Assigned task: Beginning with the line that holds "Medi-7 Medikamentendosierer Neo" and ending with the last line below, please copy every line exactly, add nothing, and leave out the pictures.

Dataset excerpt:
#####
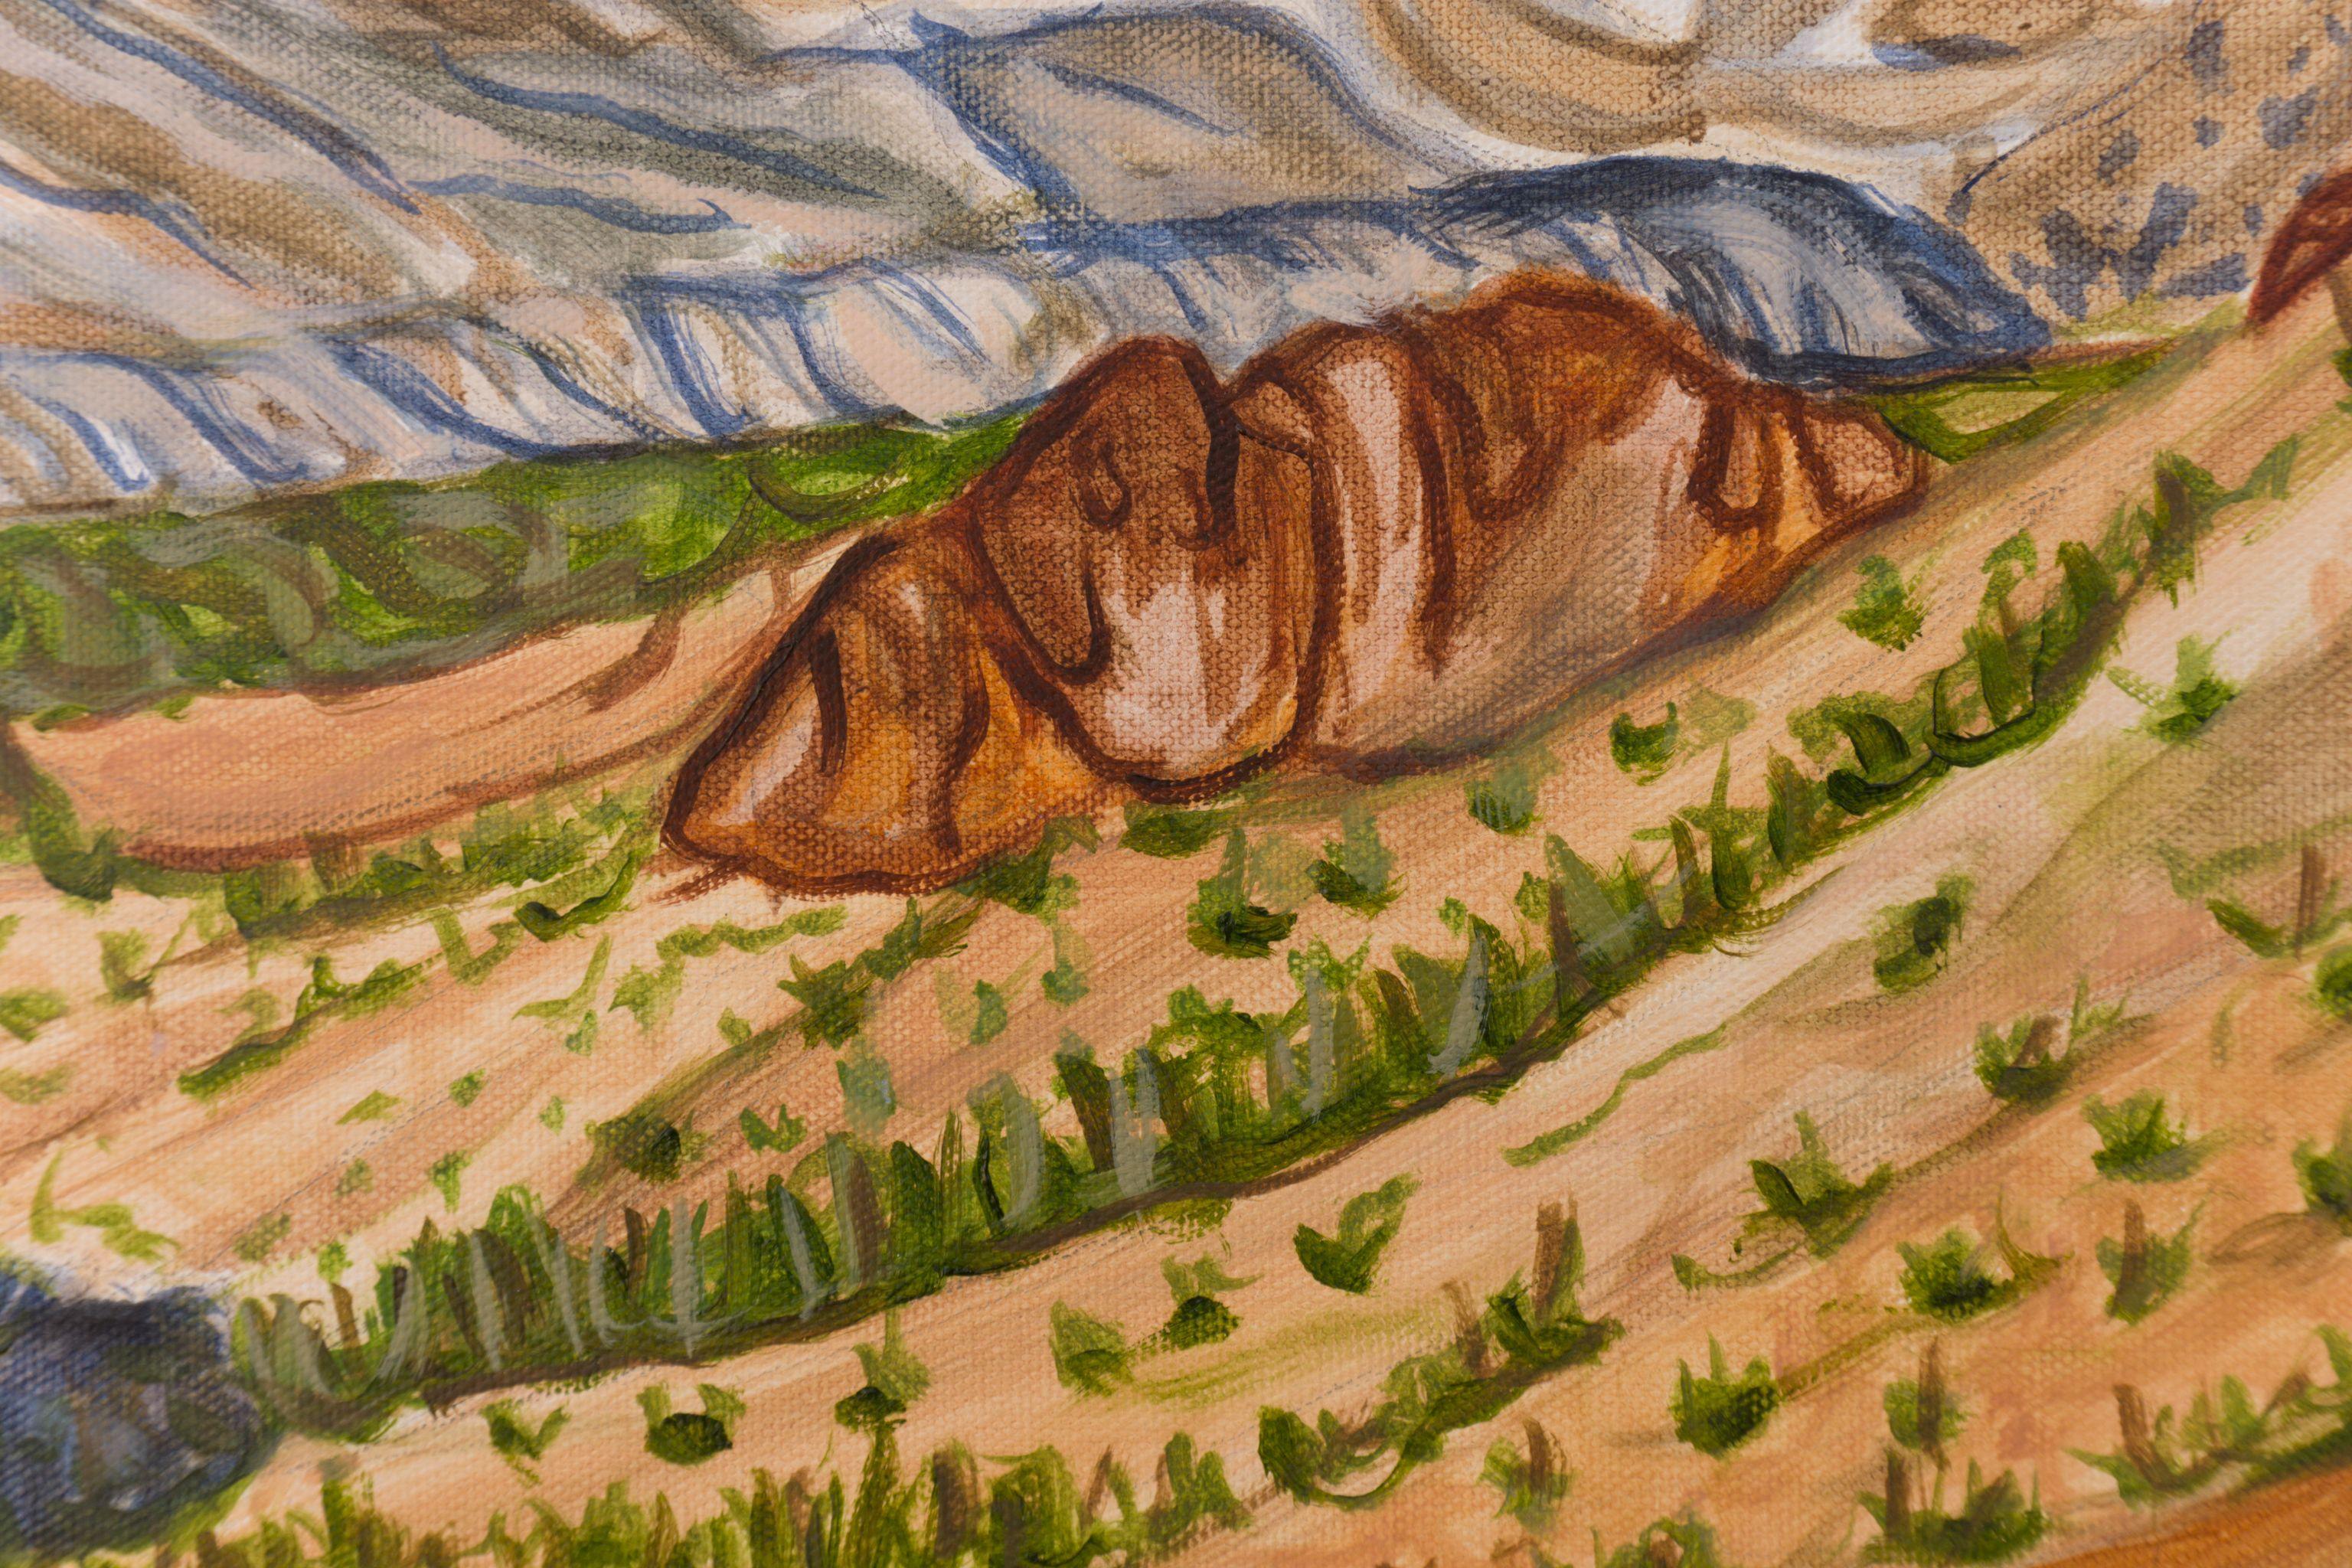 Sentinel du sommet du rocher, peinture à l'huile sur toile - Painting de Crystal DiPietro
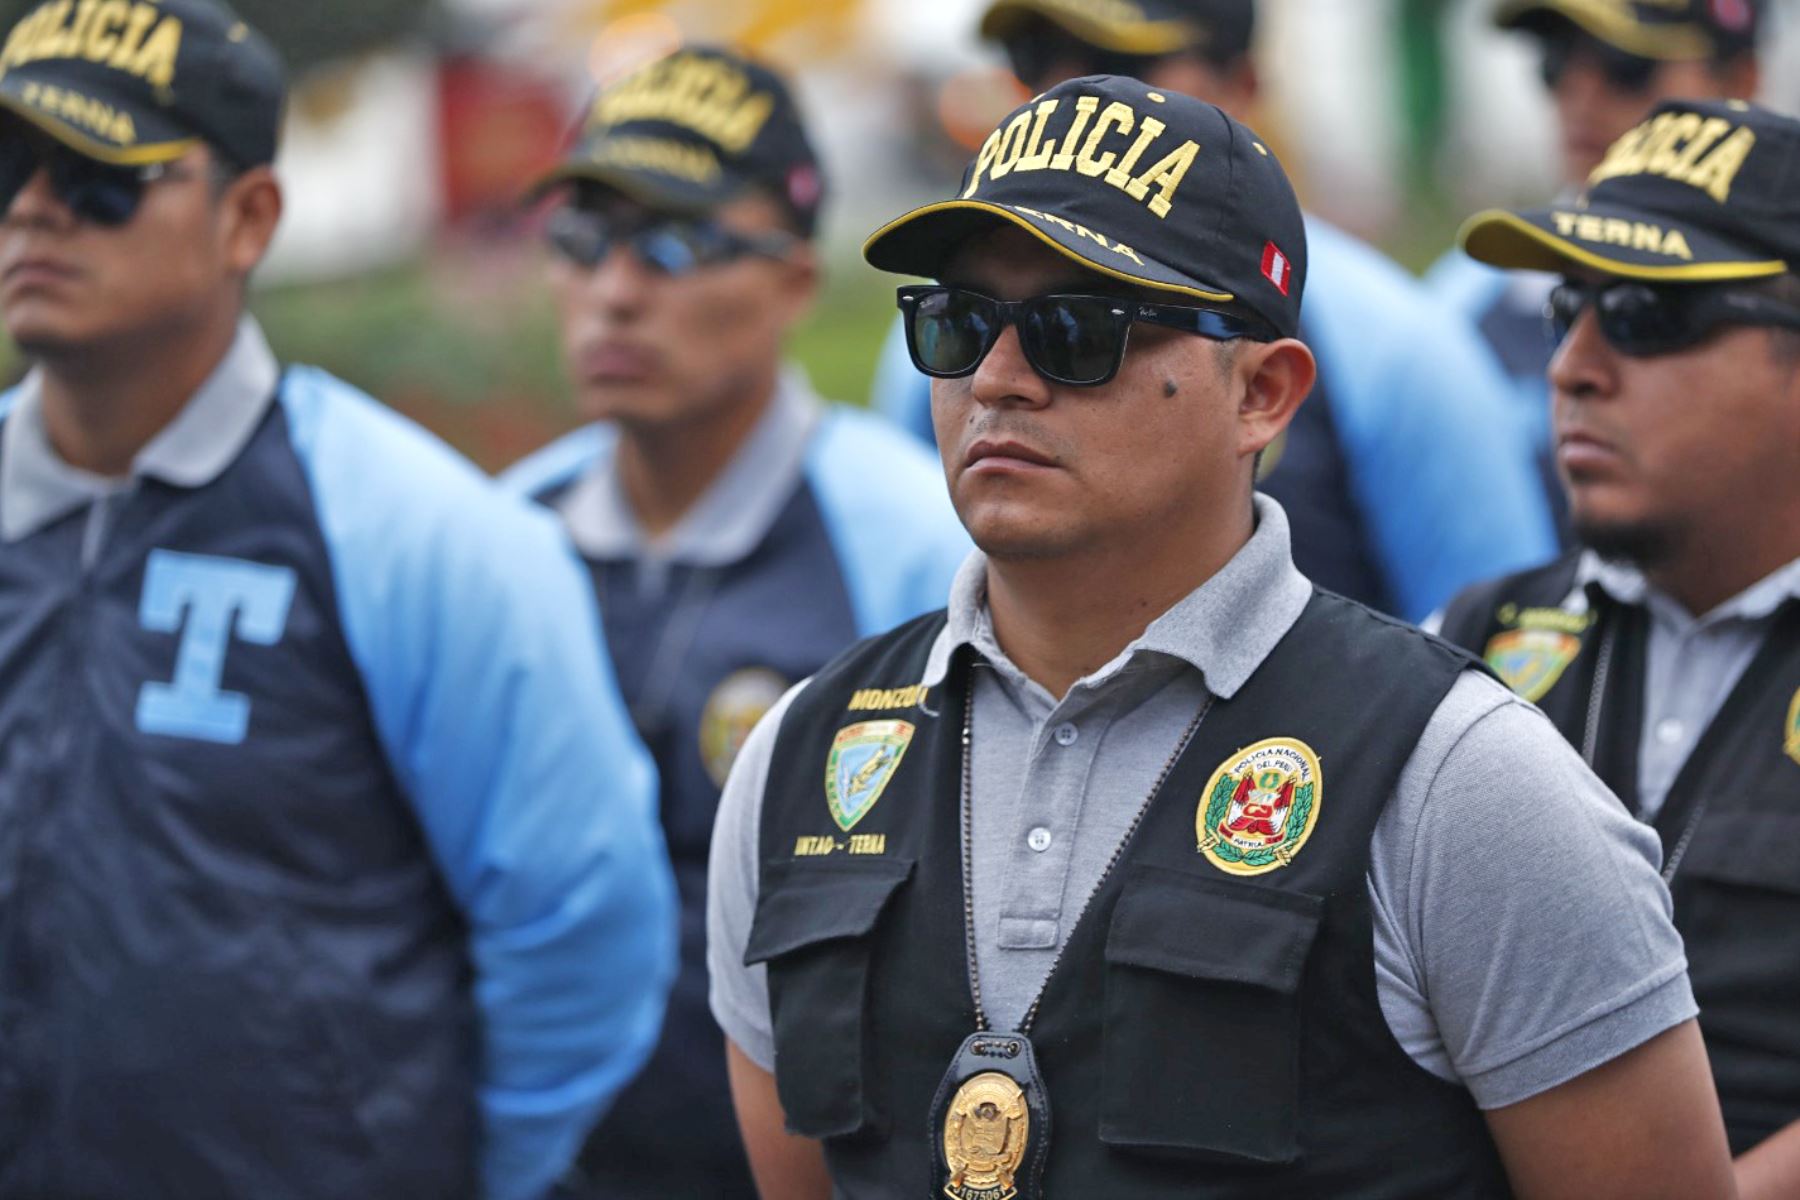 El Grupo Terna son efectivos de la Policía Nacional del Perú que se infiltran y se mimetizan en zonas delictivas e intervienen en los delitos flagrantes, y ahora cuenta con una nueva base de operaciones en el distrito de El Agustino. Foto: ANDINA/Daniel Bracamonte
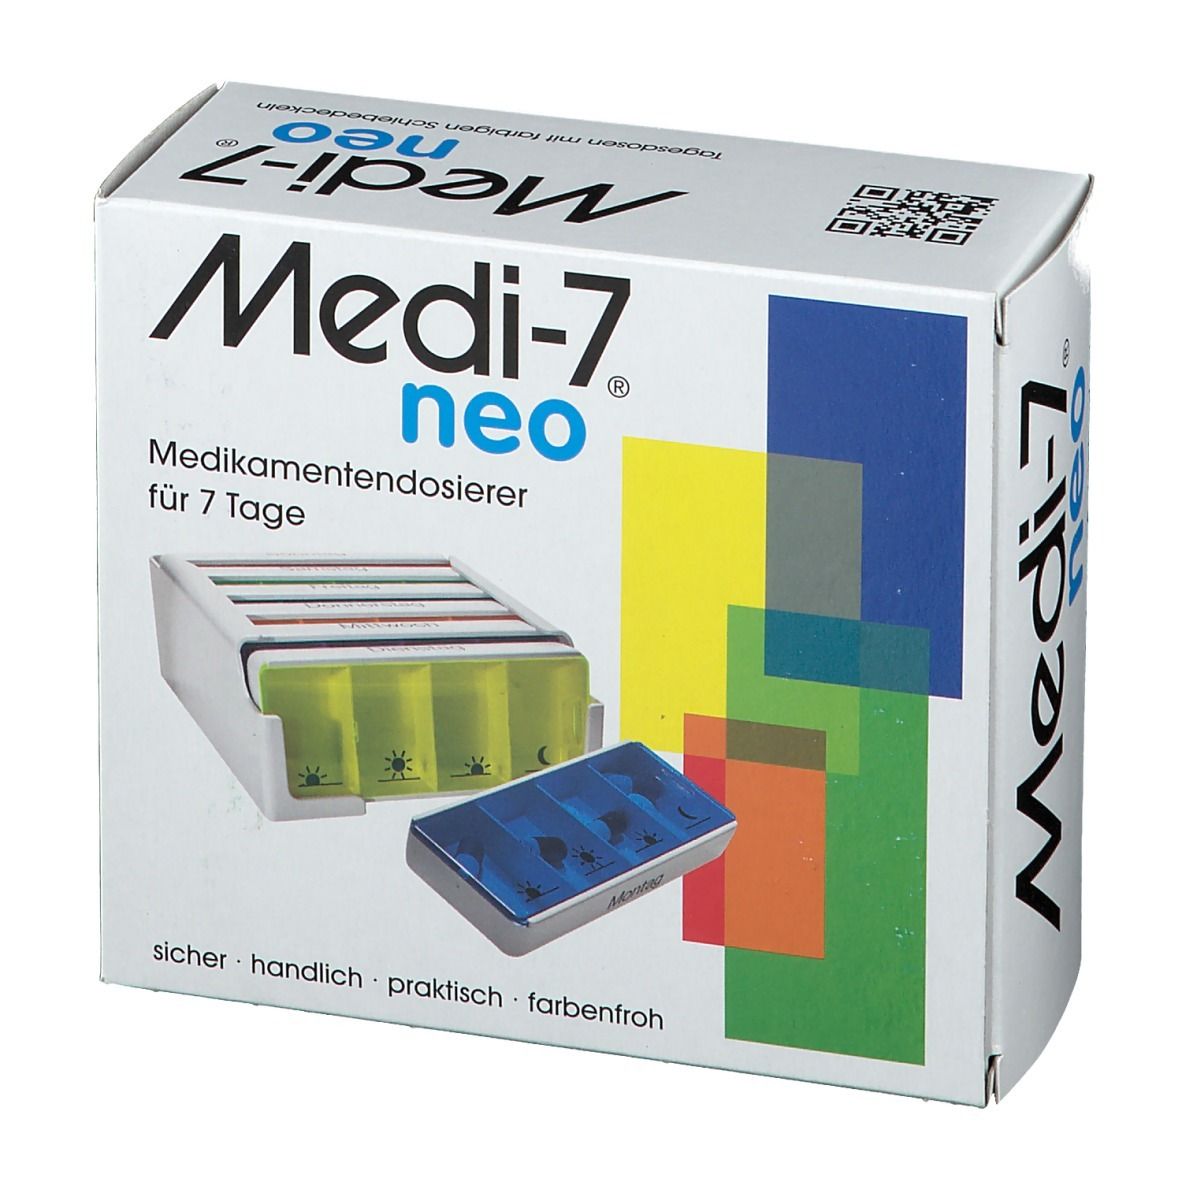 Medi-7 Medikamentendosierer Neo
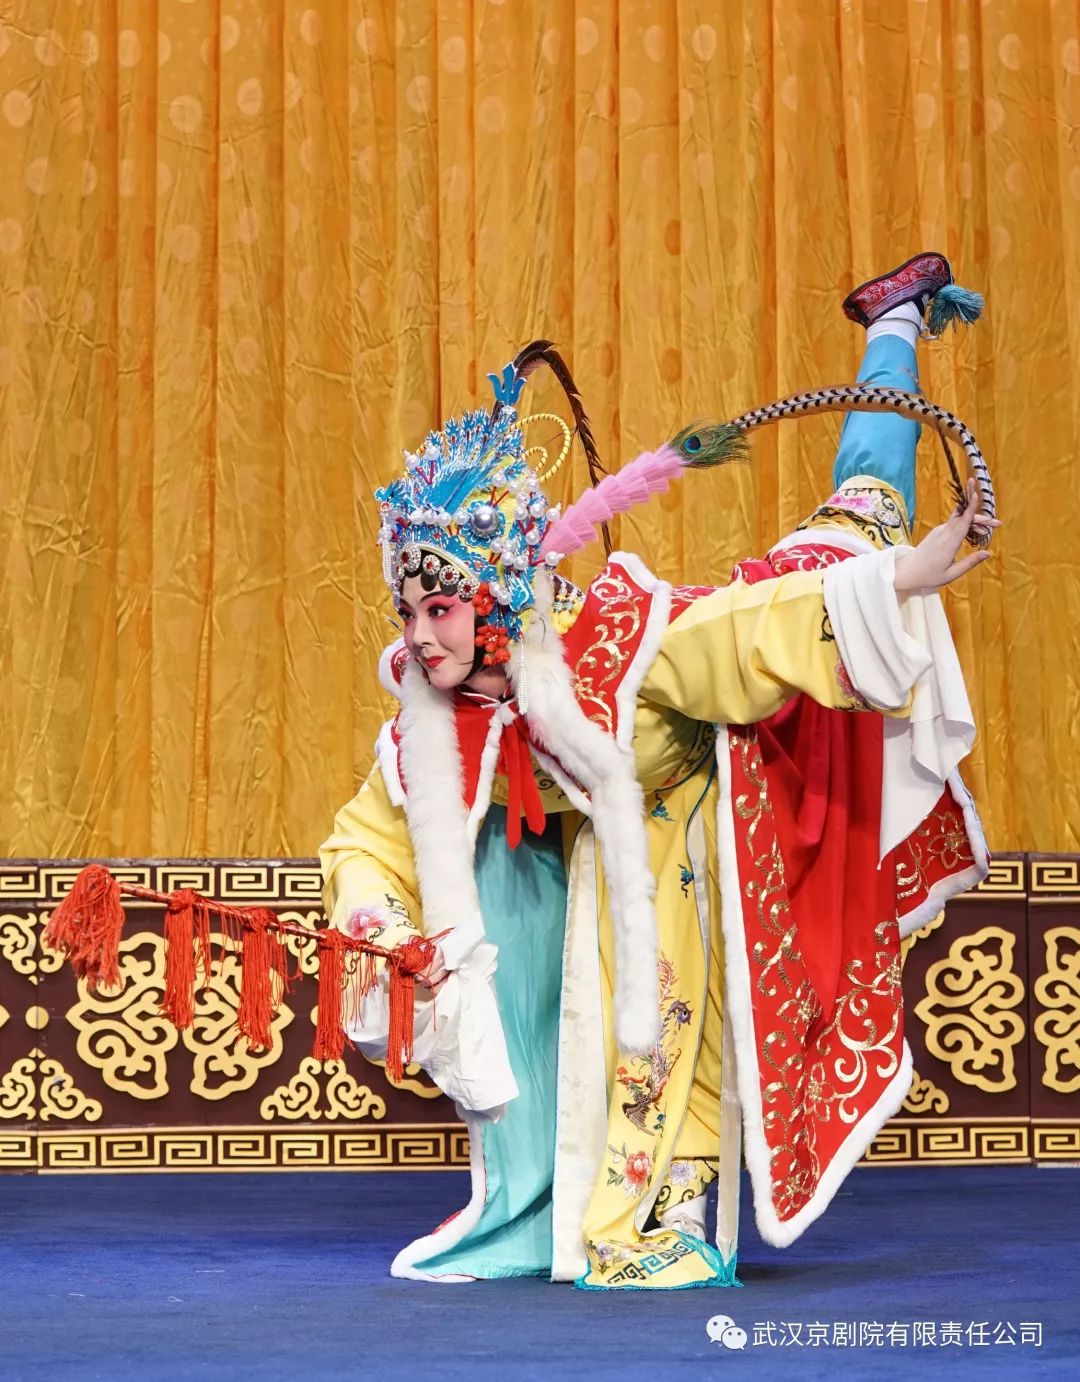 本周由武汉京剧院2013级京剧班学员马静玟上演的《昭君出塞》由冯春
#####
Expected answer:
 Medi-7 Medikamentendosierer Neo
 本周由武汉京剧院2013级京剧班学员马静玟上演的《昭君出塞》由冯春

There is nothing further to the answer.